Let us estimate the setup and ongoing costs involved for the two recommenders we just added to our e-commerce application. Most of the costs involved are based on the amount of the time the recommender is running regardless of them serving recommendations or not.

Here is a rough and conservative estimate using AWS Cost calculator for Personalize for each recommender, assuming a data ingestion of 1GB a month, 6,000 users, running 720 hours (24 hours, 7 days a week), and not going over the included free recommendations. One recommender per month costs USD 270.05, and USD 540.10 monthly for both.

Using the general understanding that using recommender systems lead to somewhere between 10% to 25% increased revenue, if your revenue is $200,000 per month pre-recommendations, you can expect from $20,000 to $50,000 sales monthly uplift if you opted to use recommendations similar to what we did in this article.

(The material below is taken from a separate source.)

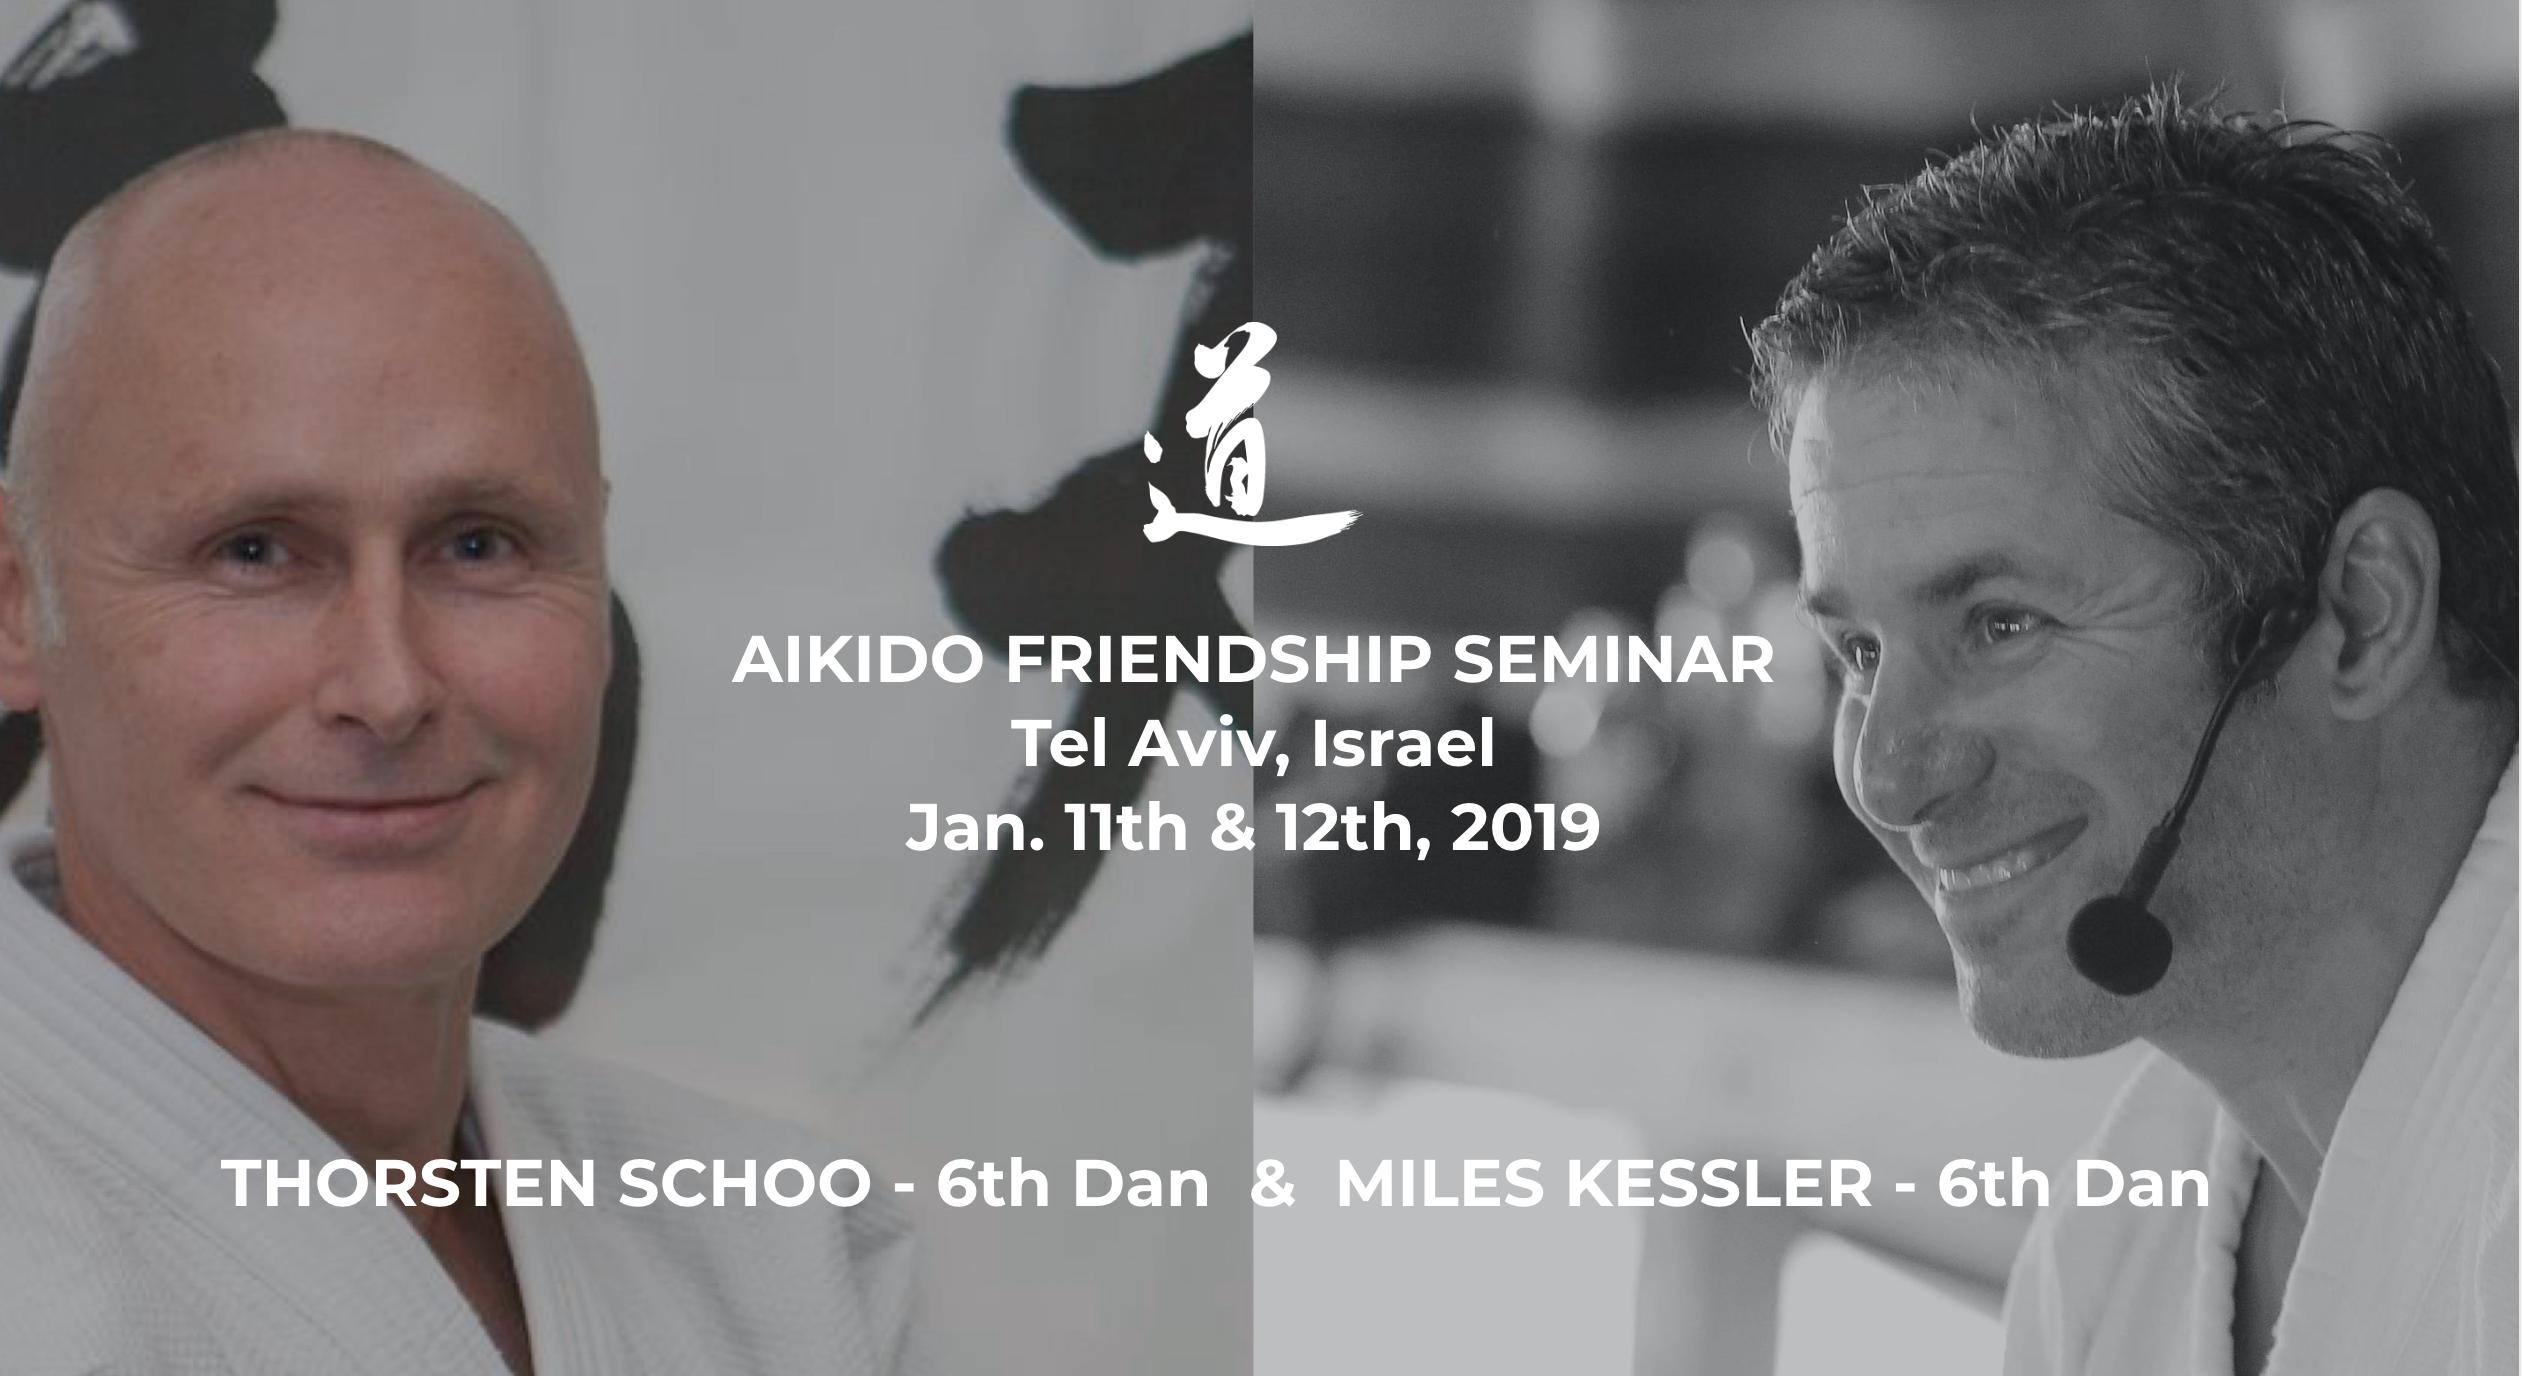 Friendship Seminar 2019 -Thorsten Schoo & Miles Kessler

For a recommender system that runs by itself, ingests data on the fly, re-trains automatically, where you don’t need to employ your own data science and machine learning team, and finally contributes more to your bottom line, AWS presents really great value here and is worth your consideration.

Cost / Benefit analysis

Please see the current pricing chart for more details.

Conclusion

We’ve come to the end of our whirlwind introduction to recommender systems, where we’ve explored the high-level AI service in Amazon Personalize. However, we’ve only scratched the surface as this powerful service offers many more features.

For companies with limited resources, or organisations who want to extract value quickly, or when you want something out of the box, Amazon Personalize can be a viable option. With Personalize, we can easily bring machine learning-based personalization to existing e-commerce applications. By ingesting our own user, item, and interaction data, and building recommenders that seamlessly integrate into our codebase, we can create a fully managed recommender system that delights our customers and boosts our bottom line.

However, it’s important to note that while Amazon Personalize is a powerful AI service, it’s still a black box algorithm. It may not cover all specialised use cases, and building a custom recommender system from scratch might be necessary in these cases. Nevertheless, for many e-commerce businesses, high level AI services like Amazon Personalize offer the quickest way to derive value by using machine learning to solve real business problems.